Joshua Xu is co-founder and CEO of HeyGen, an AI video creation and translation platform that recently raised $60 million at a $500 million valuation from investors including Benchmark. HeyGen lets users create, localize, and personalized video content using AI-generated avatars, eliminating the need for cameras and traditional video production workflows.
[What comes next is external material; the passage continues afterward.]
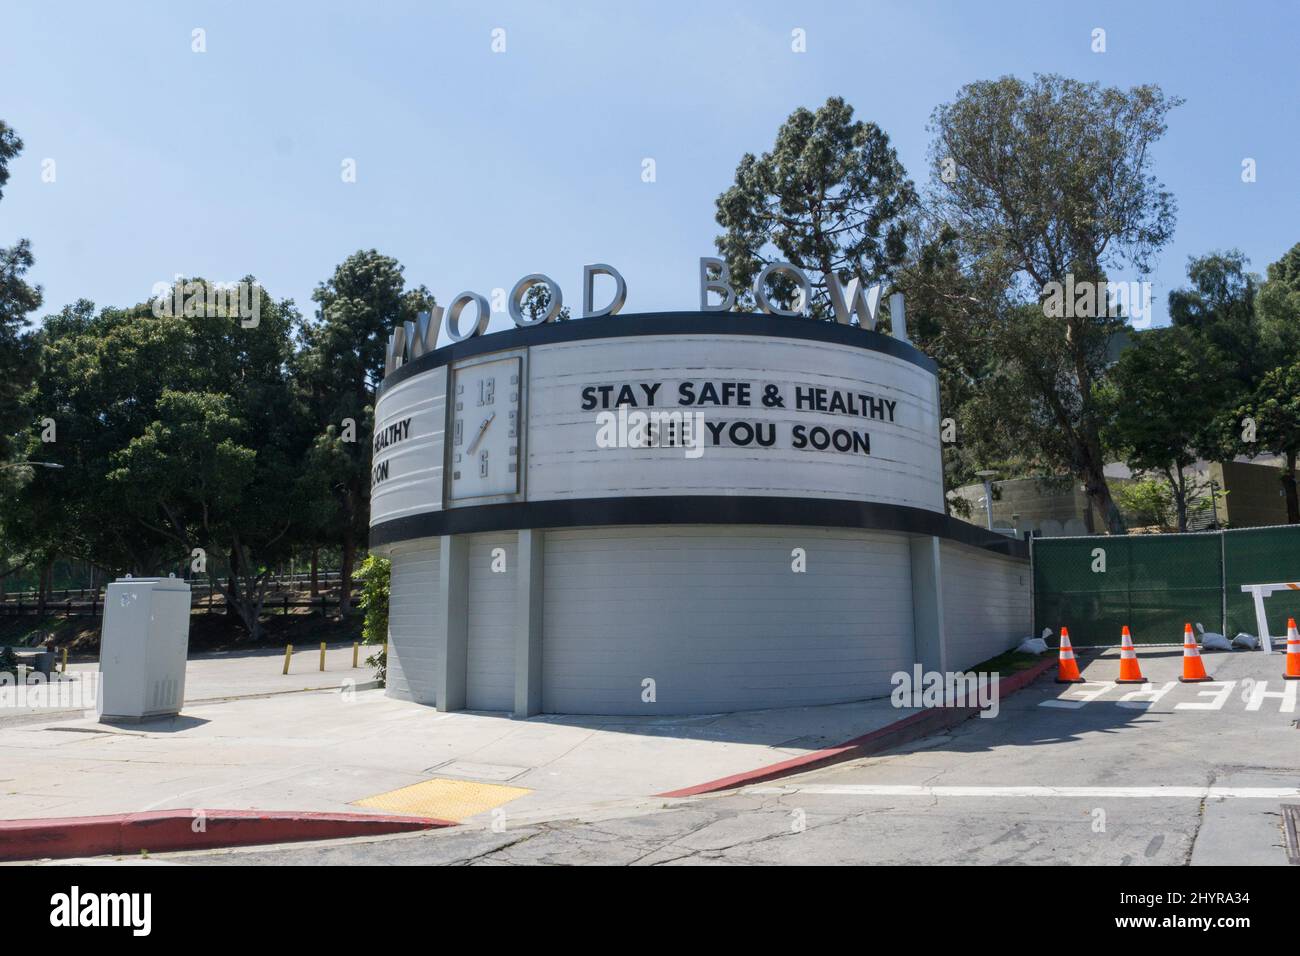 Hollywood Bowl during the Hollywood Covid 19 lockdown on April 11, 2020 in Hollywood, CA. Stock Photo

Joshua discusses HeyGen’s viral moments, the technical challenges of building engaging avatars, how enterprises are using AI video tools, the company’s approach to trust and safety around voice cloning, competitive dynamics with platforms like TikTok and Snap, and his vision for where video creation is headed by 2030.
HeyGen’s Viral Moments and the “Magic” of AI Video
HeyGen has had several viral moments, most notably when public figures like Elon Musk used the platform to dub a speech by the president of Argentina into multiple languages at the World Economic Forum.
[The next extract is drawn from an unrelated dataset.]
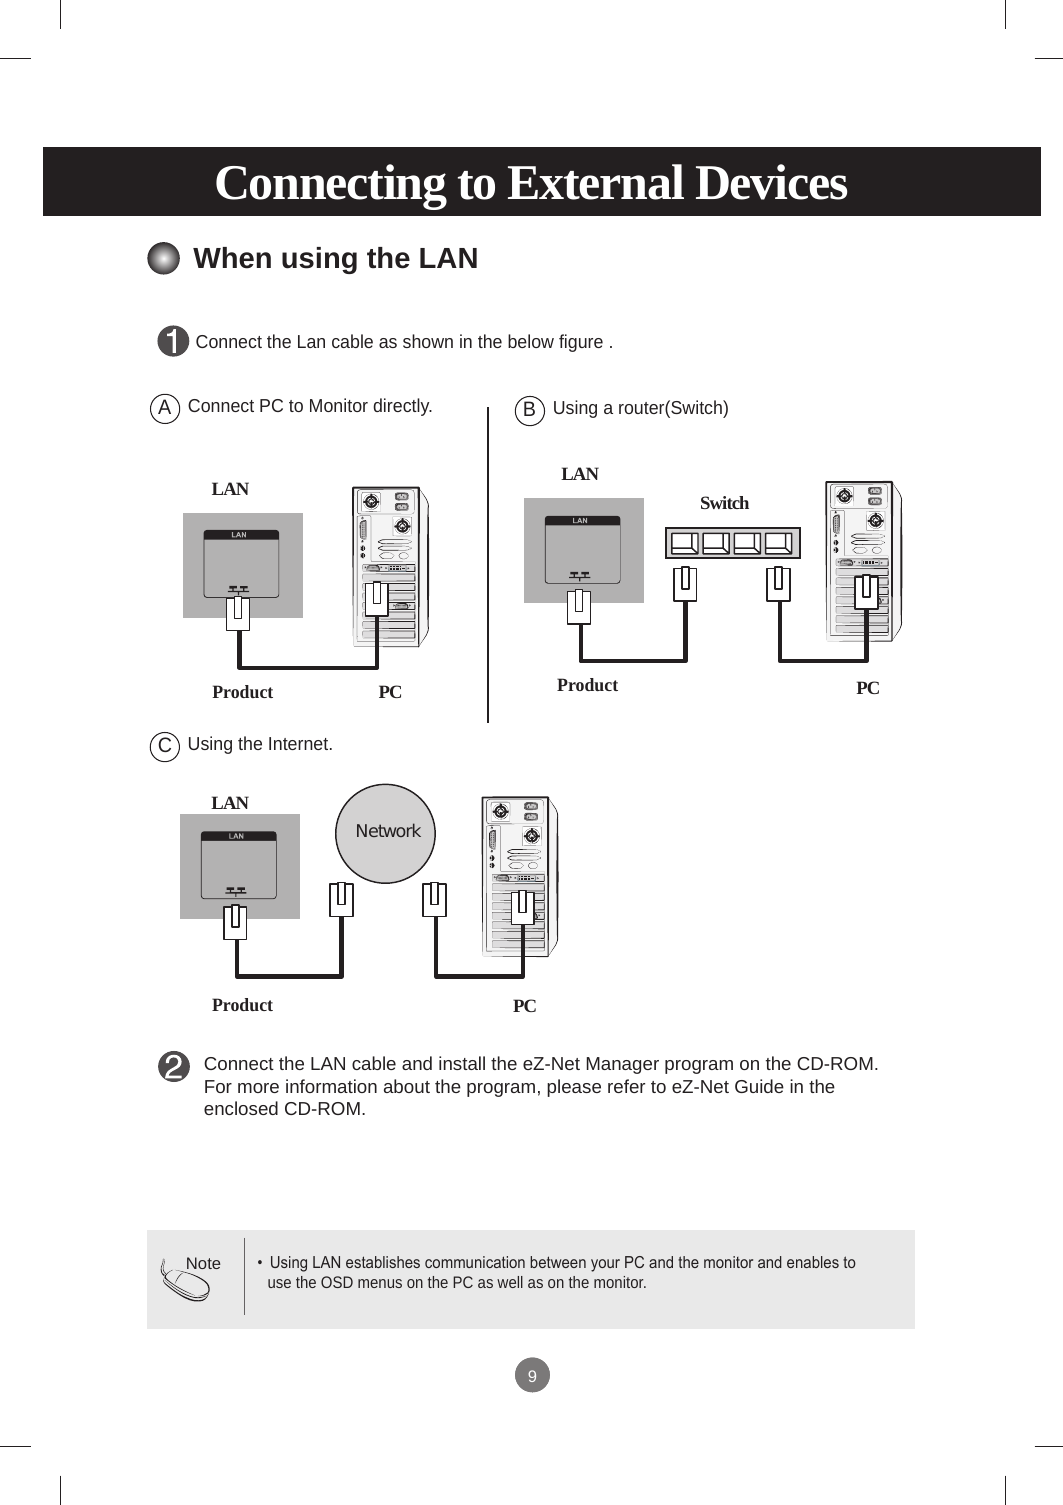 99Connecting to External DevicesWhen using the LAN•  Using LAN establishes communication between your PC and the monitor and enables to use the OSD menus on the PC as well as on the monitor.NoteConnect the Lan cable as shown in the below figure . Connect the LAN cable and install the eZ-Net Manager program on the CD-ROM.For more information about the program, please refer to eZ-Net Guide in the enclosed CD-ROM.Connect PC to Monitor directly.AUsing a router(Switch)BPCProductNetworkNetworkProductLANPCLANSwitchUsing the Internet.CPCProductNetworkLAN

Joshua describes these moments as unexpected — the team focuses on shipping product improvements and listening to customers, trusting that a breakthrough moment will eventually resonate with the market.
The first “magic moment” for Joshua personally was creating his own avatar and watching himself speak on screen — a moment that convinced him of the product’s potential.
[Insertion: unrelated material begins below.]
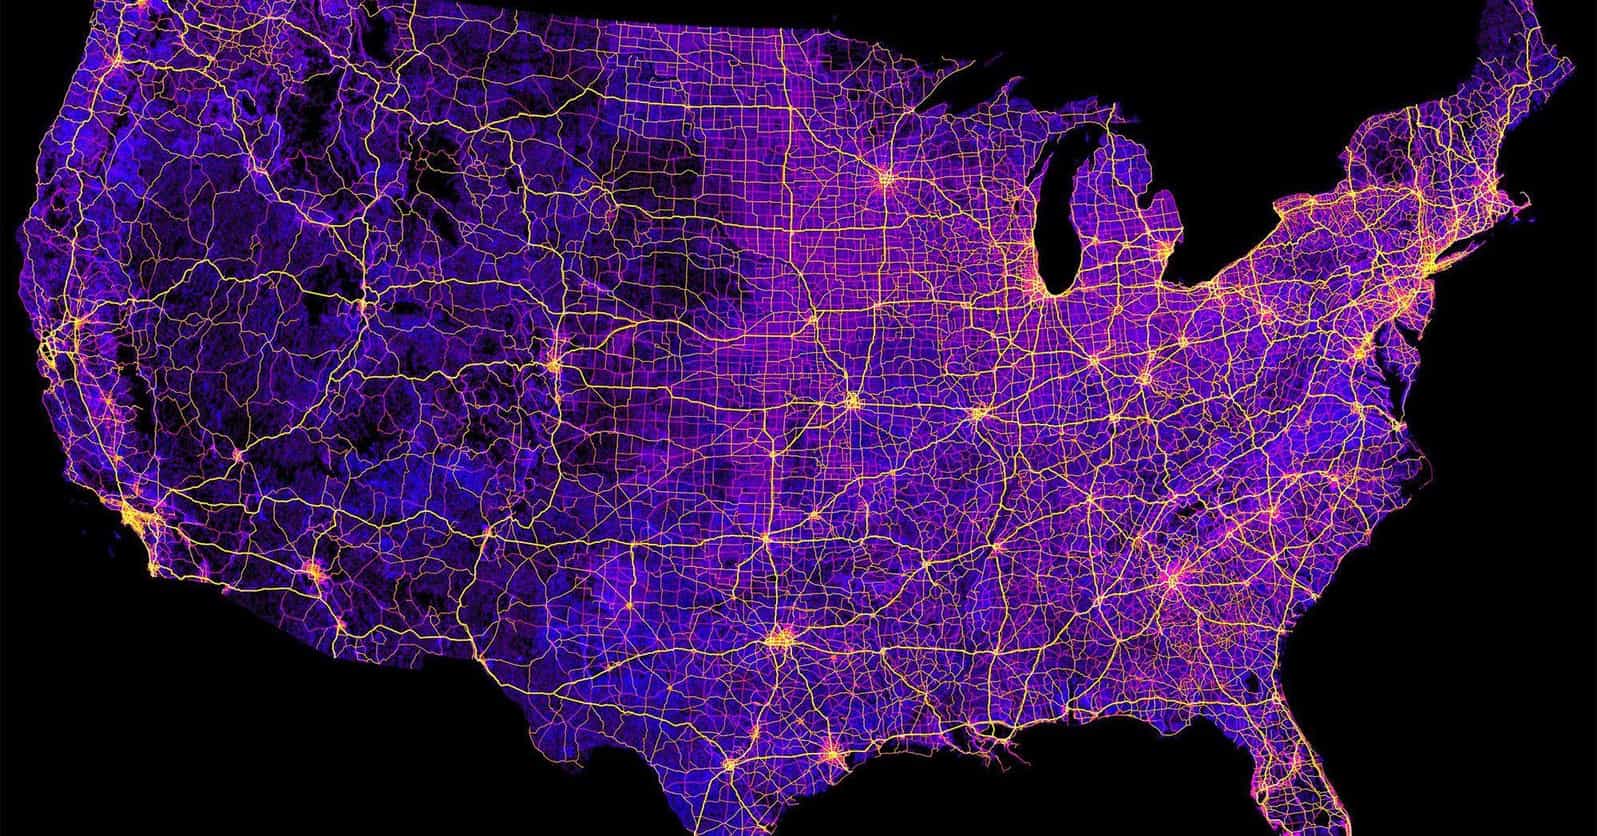 18 Maps Of The United States That Made Us Say 'Whoa'

He now uses his avatar internally for things like product update emails, finding it far easier than recording himself on camera.
The Future of AI in Video Production
Joshua frames HeyGen’s mission as replacing the camera in video production. Traditional video requires filming with a camera and then editing footage — generative AI changes both steps.
Instead of filming, AI can generate footage directly. Instead of timeline-based editing, future tools may use script-based or document-style interfaces to assemble videos.
HeyGen started from the belief that video is just binary data (zeros and ones) and that machines can learn to generate it — even before the term “generative AI” was widely used.
The company’s north star is AI quality: can generated footage truly replace camera footage? This depends on lighting, lip sync, body motion, gesture, and whether the presenter’s expressions match the script.
Joshua pushes his team with a simple test: would you use this avatar in your own day-to-day work?
HeyGen’s Use Cases and Customer Base
HeyGen has over 40,000 customers who primarily use the platform for three things:
Create: Generate videos using avatars (personal or stock) by typing text — no camera needed.
Localize: Translate existing videos into over 175 languages and dialects while preserving the original speaker’s voice tone, facial expressions, and lip sync.
Personalize: Take one video and generate over 100,000 variations tailored to specific customers, industries, or pain points — similar to how email personalization works.
HeyGen is not built for professional video editors. It’s designed for the 99% of users who aren’t video professionals — marketers, content creators, sales teams, and others who have ideas but lack camera equipment or editing skills.
Making AI Video Accessible to New Users
Onboarding new users is a challenge because HeyGen represents an entirely new way of creating content.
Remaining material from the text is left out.